EXERCISE. Given these entries, repeat exactly the lines starting with the one that has "Aquabela Clarifier 4v1 - lahev 0,5l" and going on through the one that has "FT7012-Nintendo-Switch-Turbo-Cup-Wheel-5", both included, but none of the pictures.

RECORDS PROVIDED.
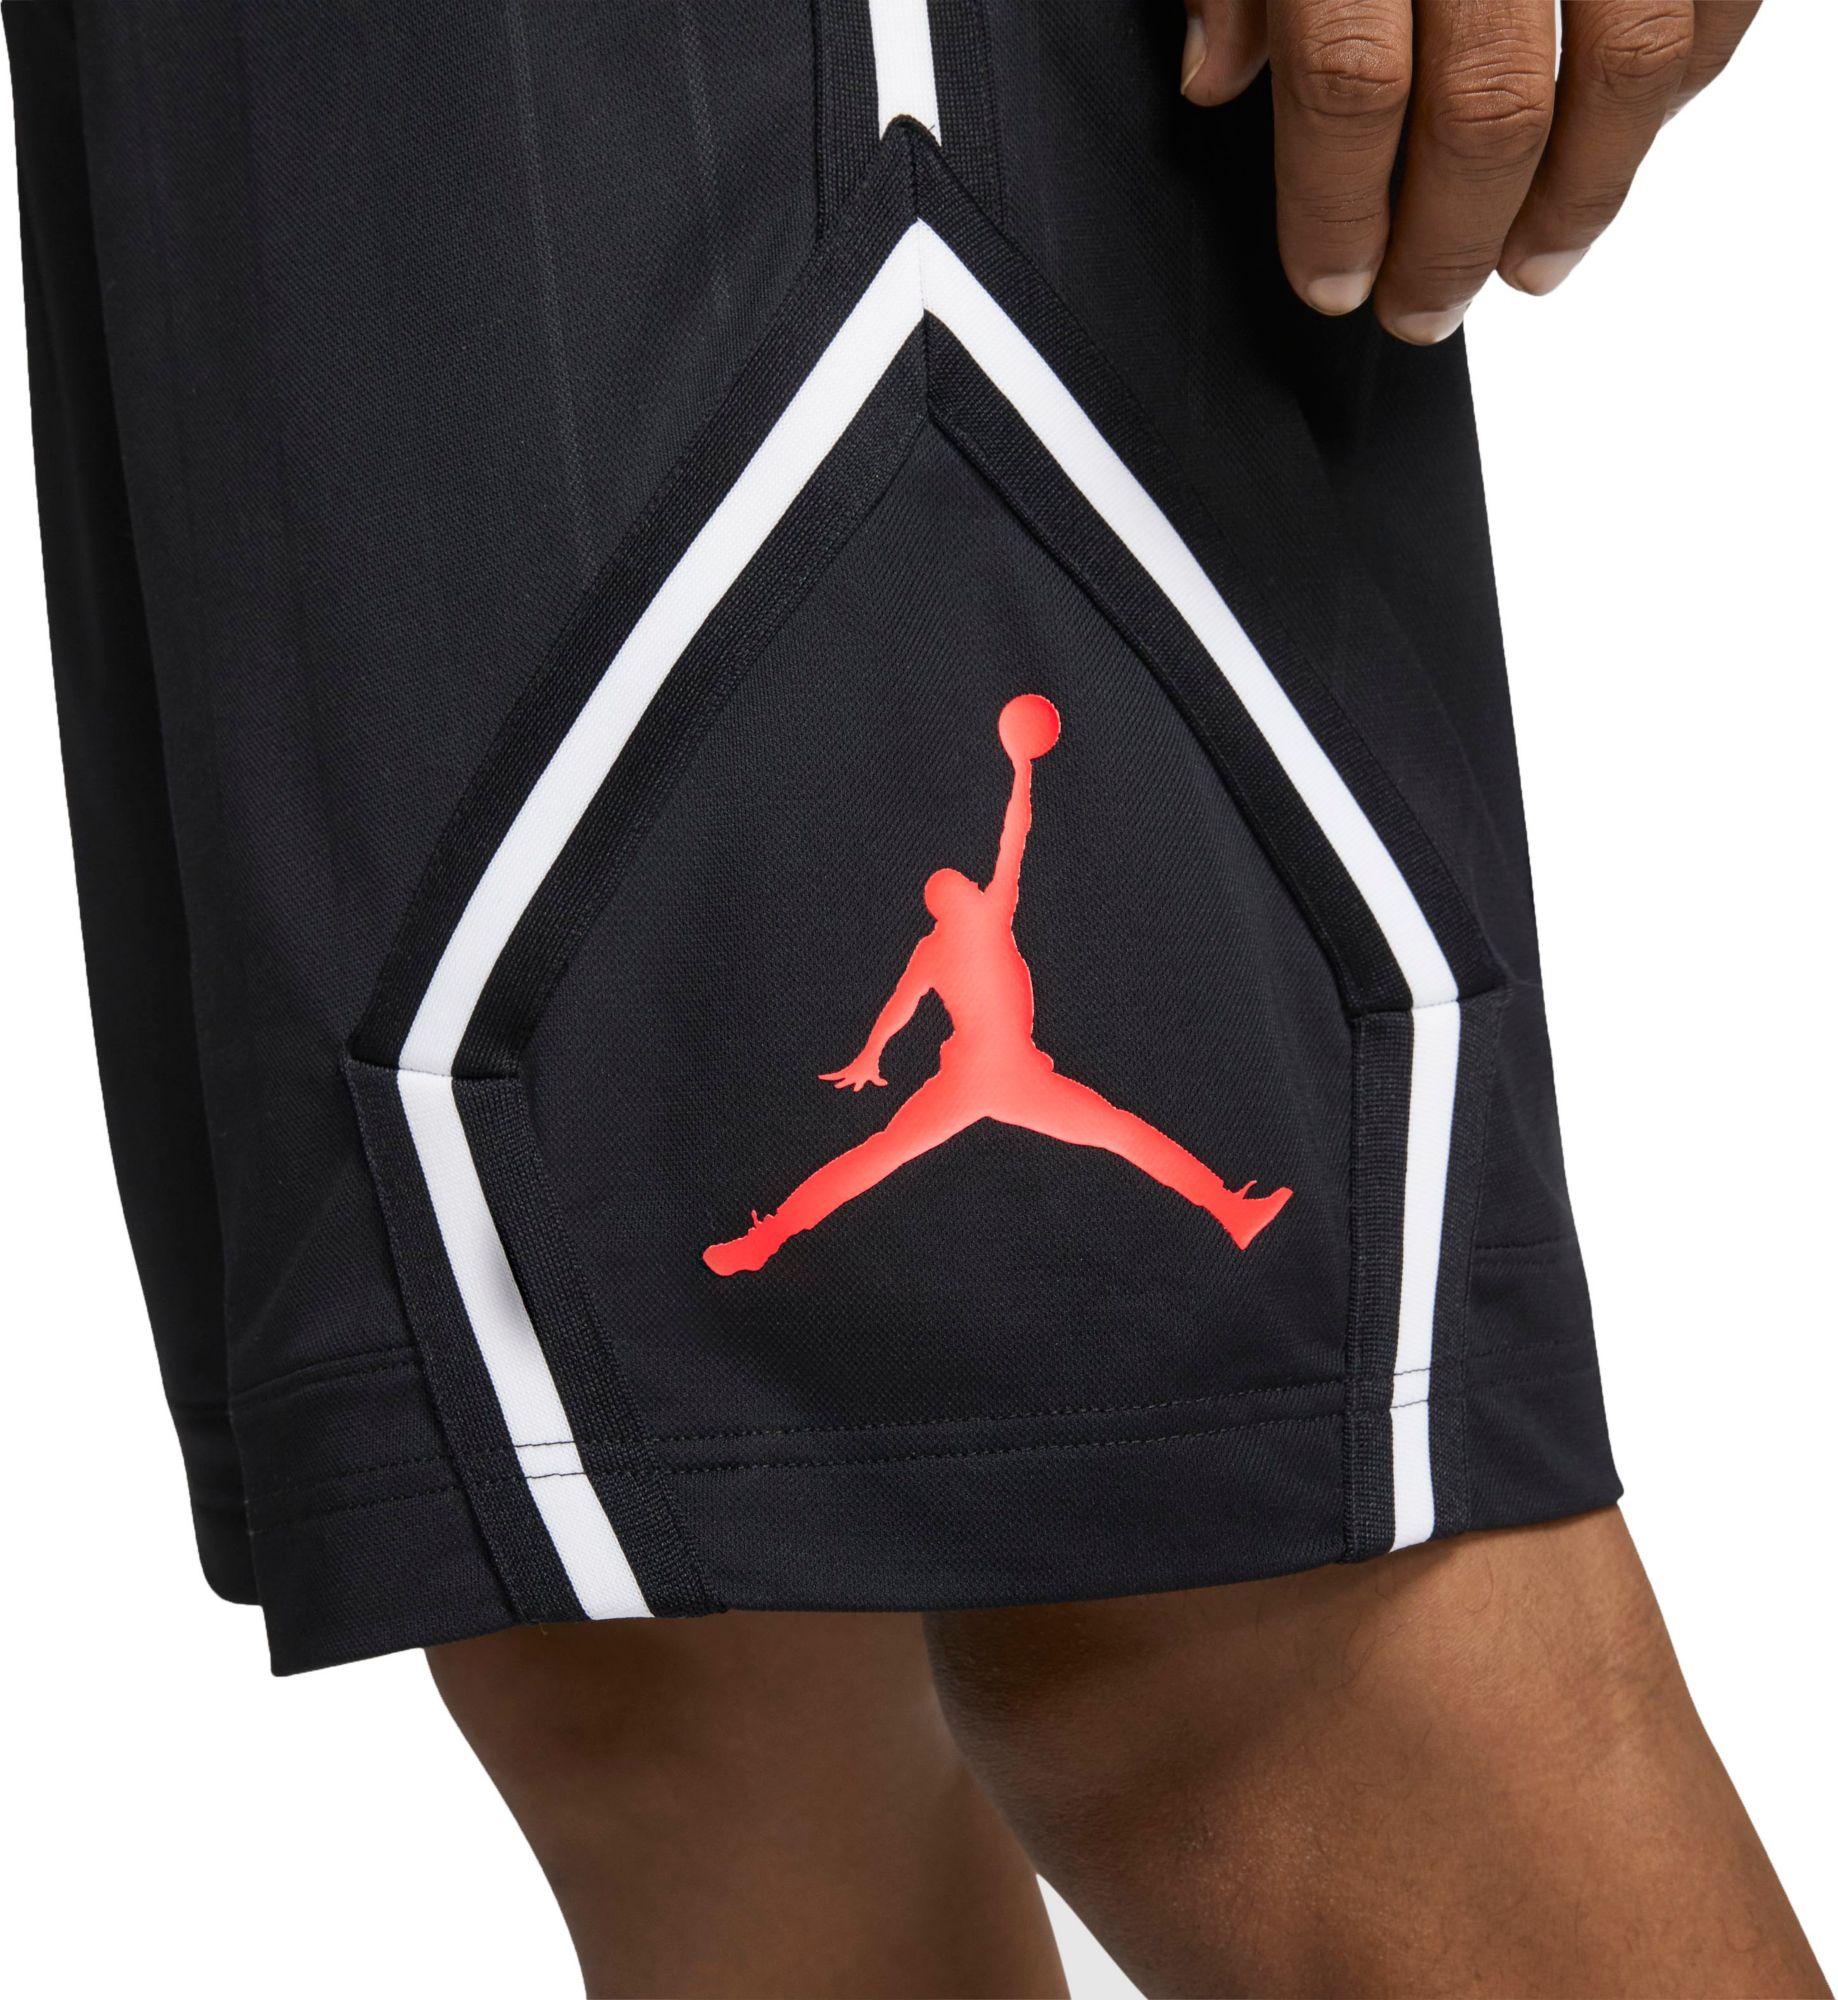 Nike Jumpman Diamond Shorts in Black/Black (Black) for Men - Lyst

* * *

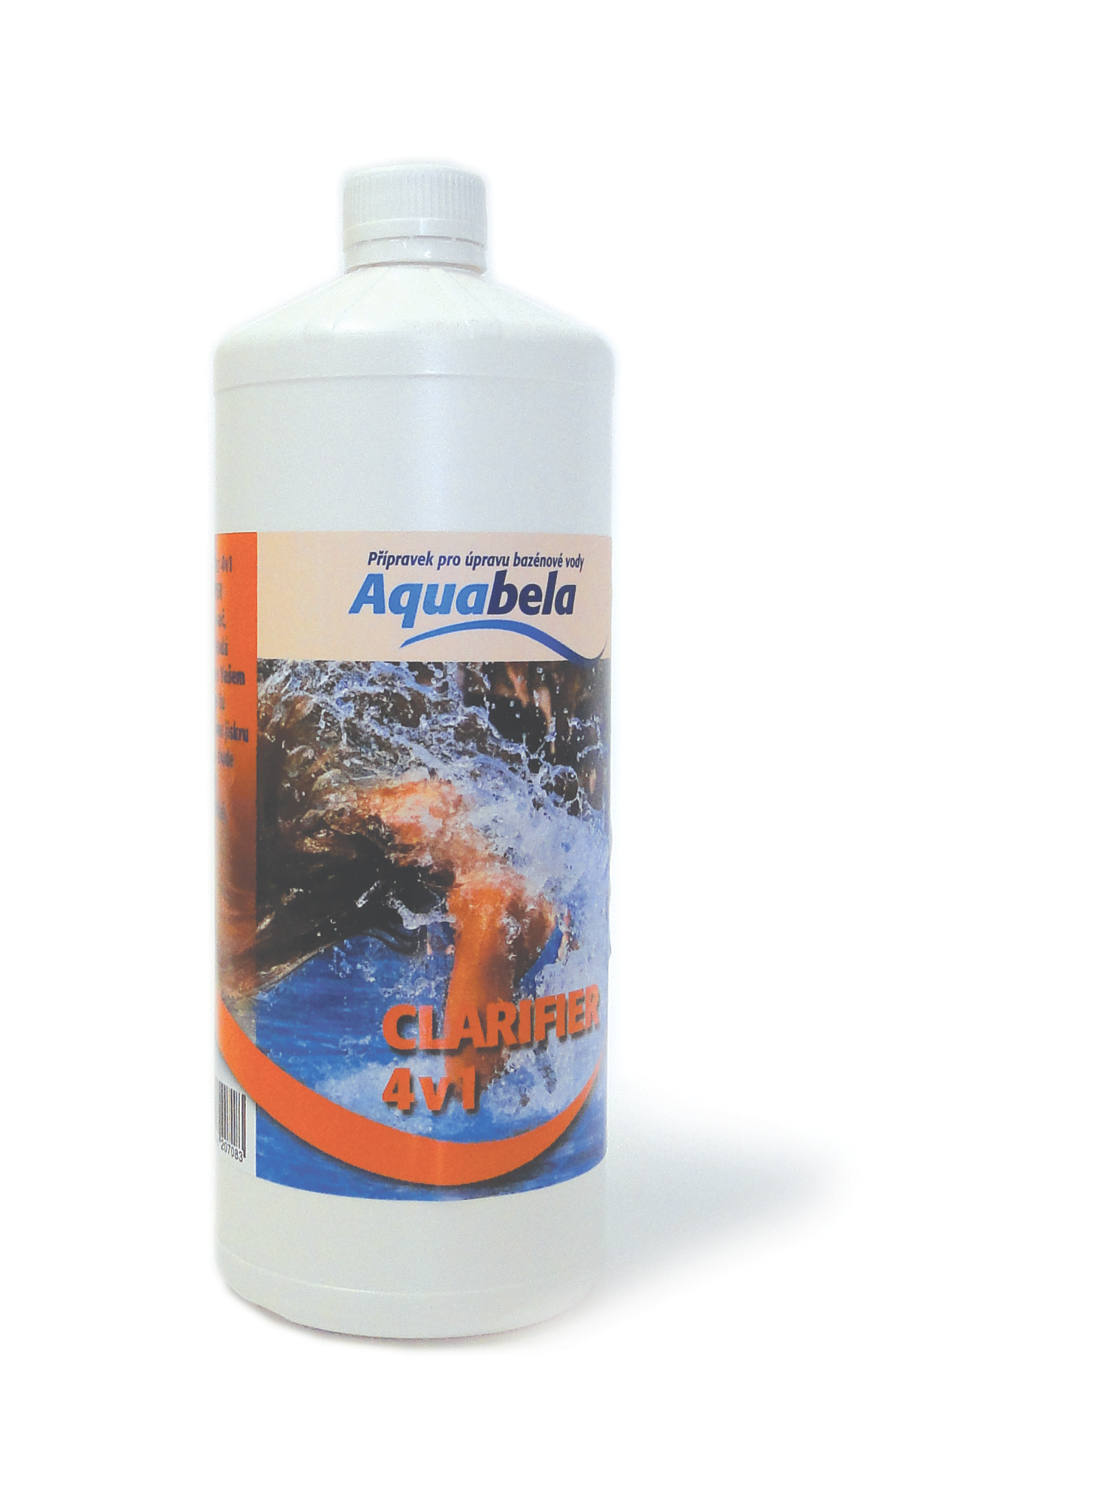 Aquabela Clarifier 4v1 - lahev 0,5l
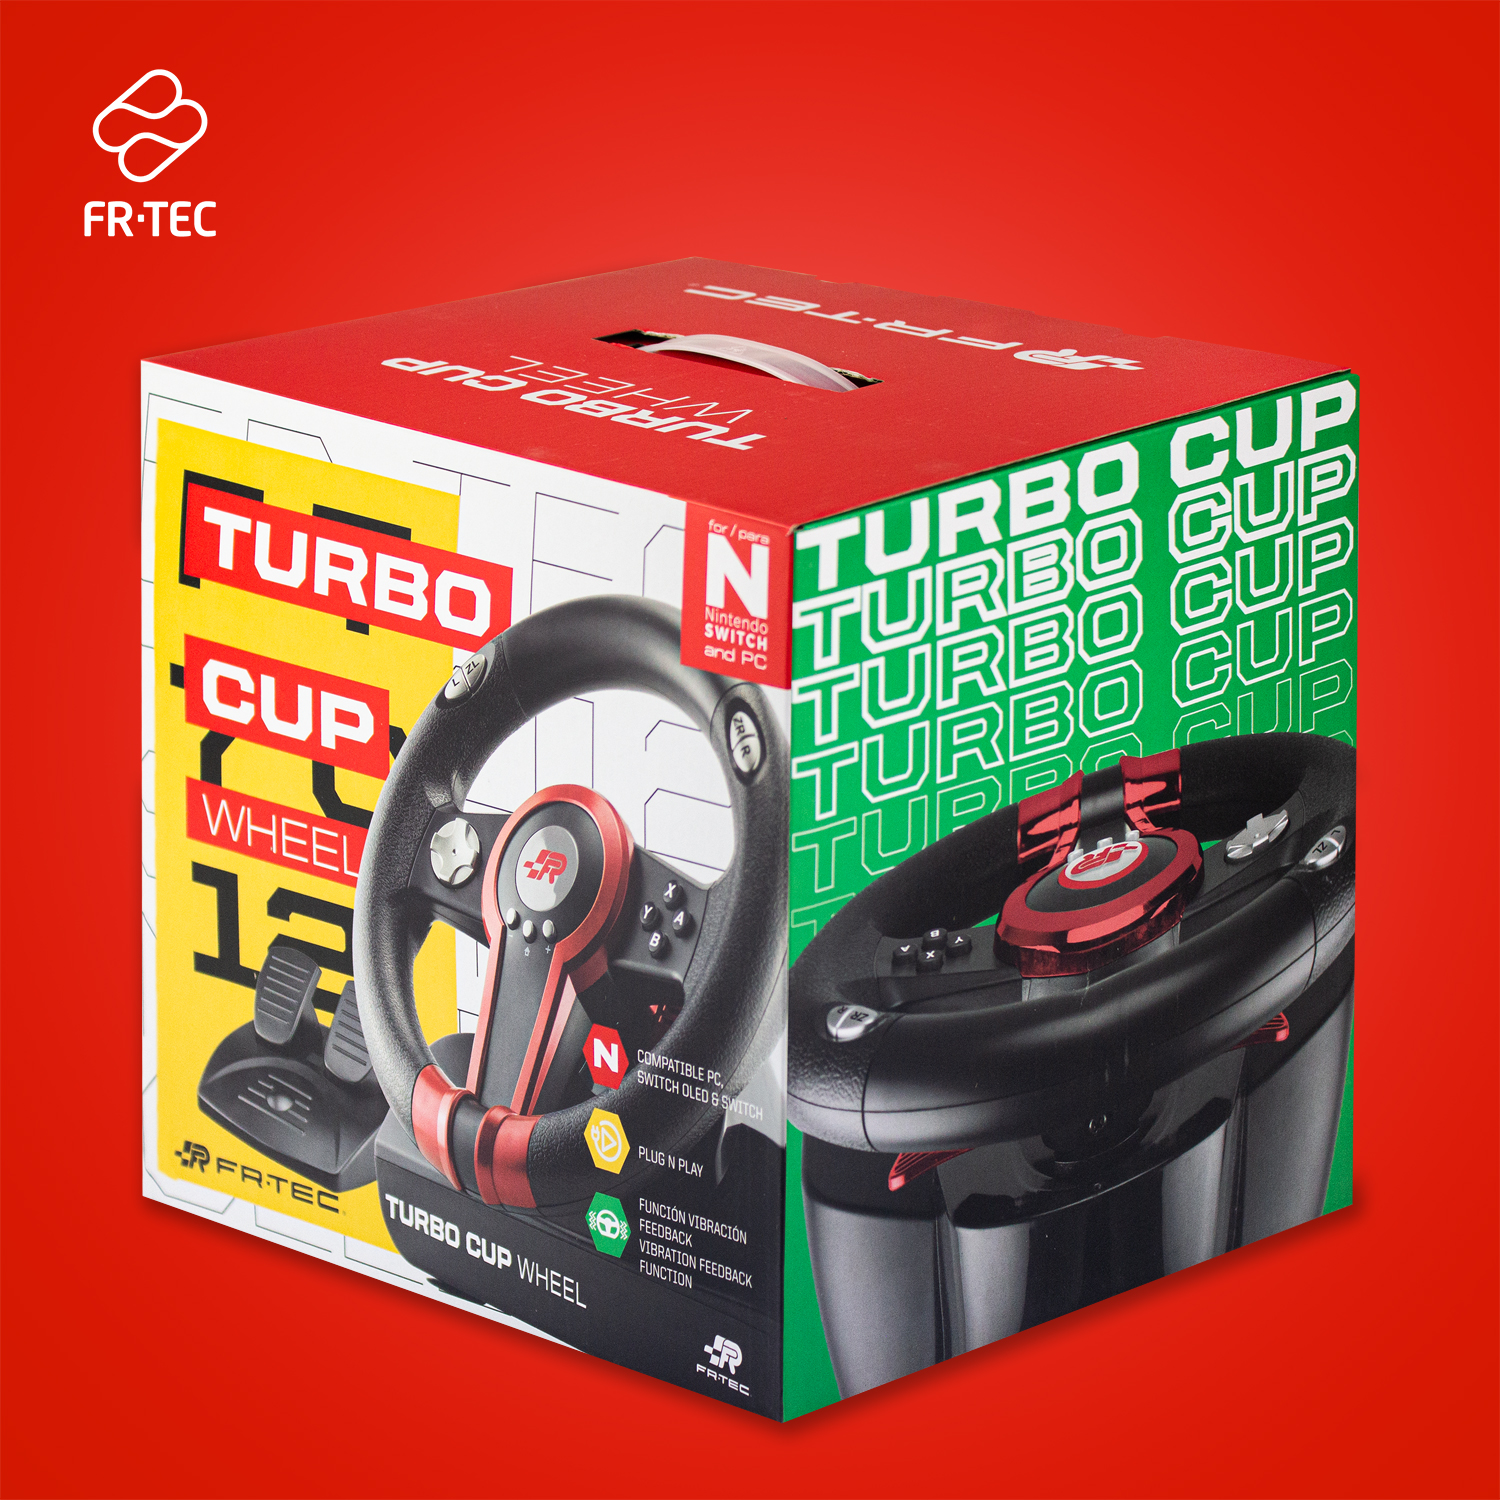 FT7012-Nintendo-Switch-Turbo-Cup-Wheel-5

ANSWER TO THIS TASK.
 Aquabela Clarifier 4v1 - lahev 0,5l
 FT7012-Nintendo-Switch-Turbo-Cup-Wheel-5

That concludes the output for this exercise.